Metadata-Version: 1.1
Name: fancyimpute
Version: 0.0.13
Summary: Matrix completion and feature imputation algorithms
Home-page: https://github.com/iskandr/fancyimpute
Author: Alex Rubinsteyn and Sergey Feldman
Author-email: alex {dot} rubinsteyn {at} mssm {dot} edu
License: http://www.apache.org/licenses/LICENSE-2.0.html
Description: |Build Status| |Coverage Status| |DOI|
        
        fancyimpute
        ===========
        
        A variety of matrix completion and imputation algorithms implemented in
        Python.
        
        Usage
        -----
        
        .. code:: python
        
            from fancyimpute import BiScaler, KNN, NuclearNormMinimization, SoftImpute
        
            # X is the complete data matrix
            # X_incomplete has the same values as X except a subset have been replace with NaN
        
            # Use 3 nearest rows which have a feature to fill in each row's missing features
            X_filled_knn = KNN(k=3).complete(X_incomplete)
        
            # matrix completion using convex optimization to find low-rank solution
            # that still matches observed values.
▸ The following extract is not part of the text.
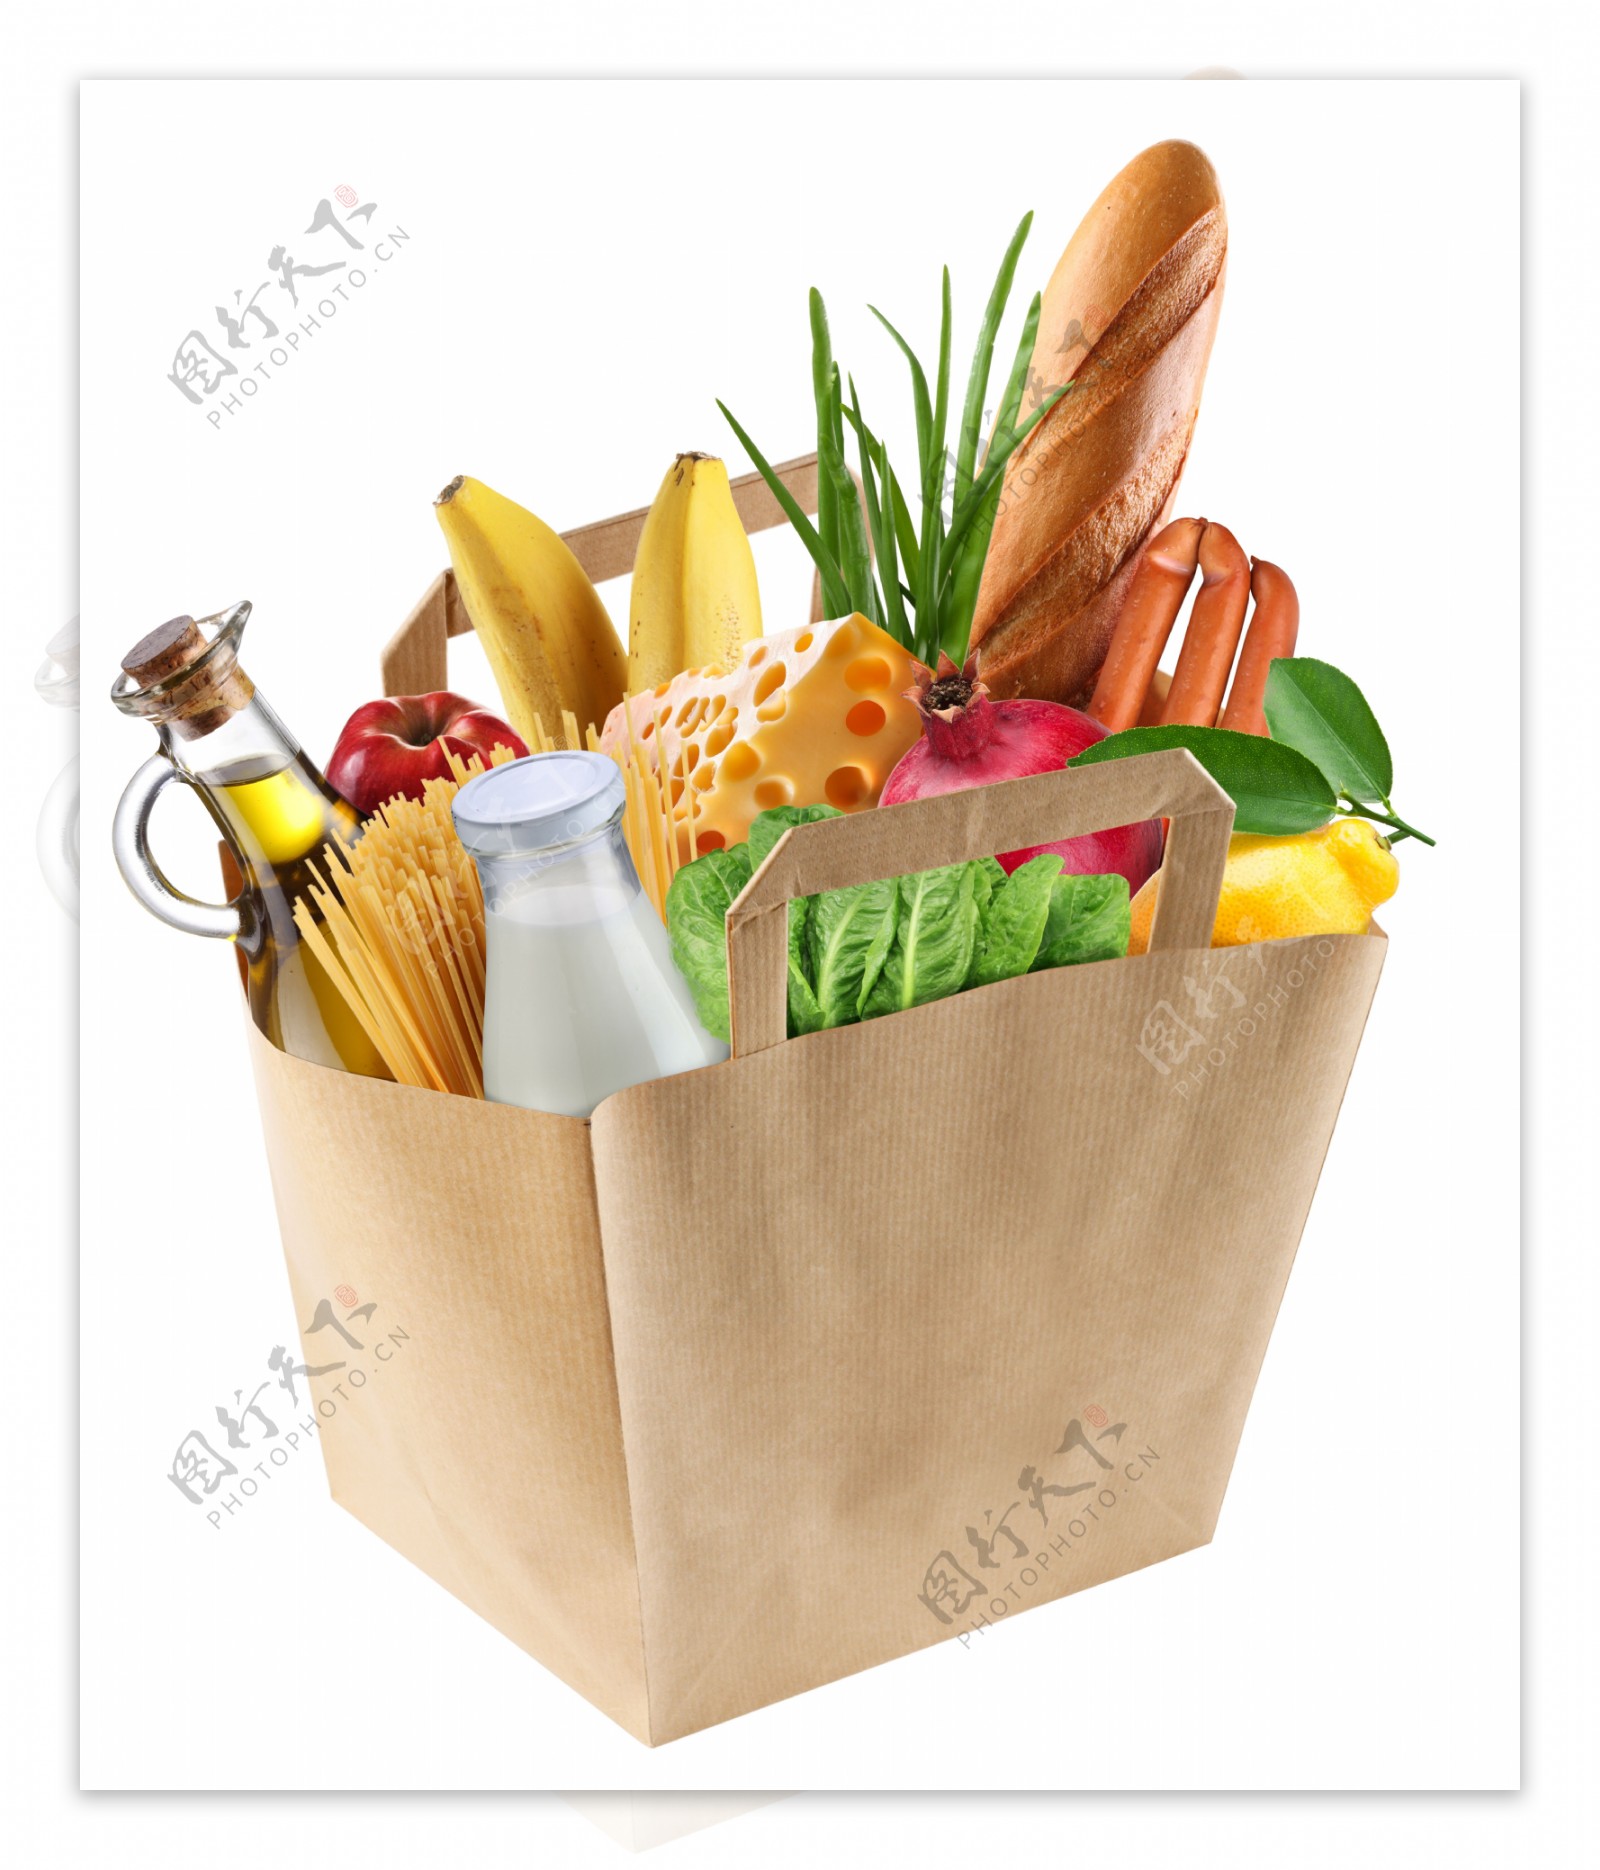 各种蔬菜和水果图片

Slow!
            X_filled_nnm = NuclearNormMinimization().complete(X_incomplete)
        
            # Instead of solving the nuclear norm objective directly, instead
            # induce sparsity using singular value thresholding
            X_filled_softimpute = SoftImpute().complete(X_incomplete_normalized)
        
            # print mean squared error for the three imputation methods above
            nnm_mse = ((X_filled_nnm[missing_mask] - X[missing_mask]) ** 2).mean()
            print("Nuclear norm minimization MSE: %f" % nnm_mse)
        
            softImpute_mse = ((X_filled_softimpute[missing_mask] - X[missing_mask]) ** 2).mean()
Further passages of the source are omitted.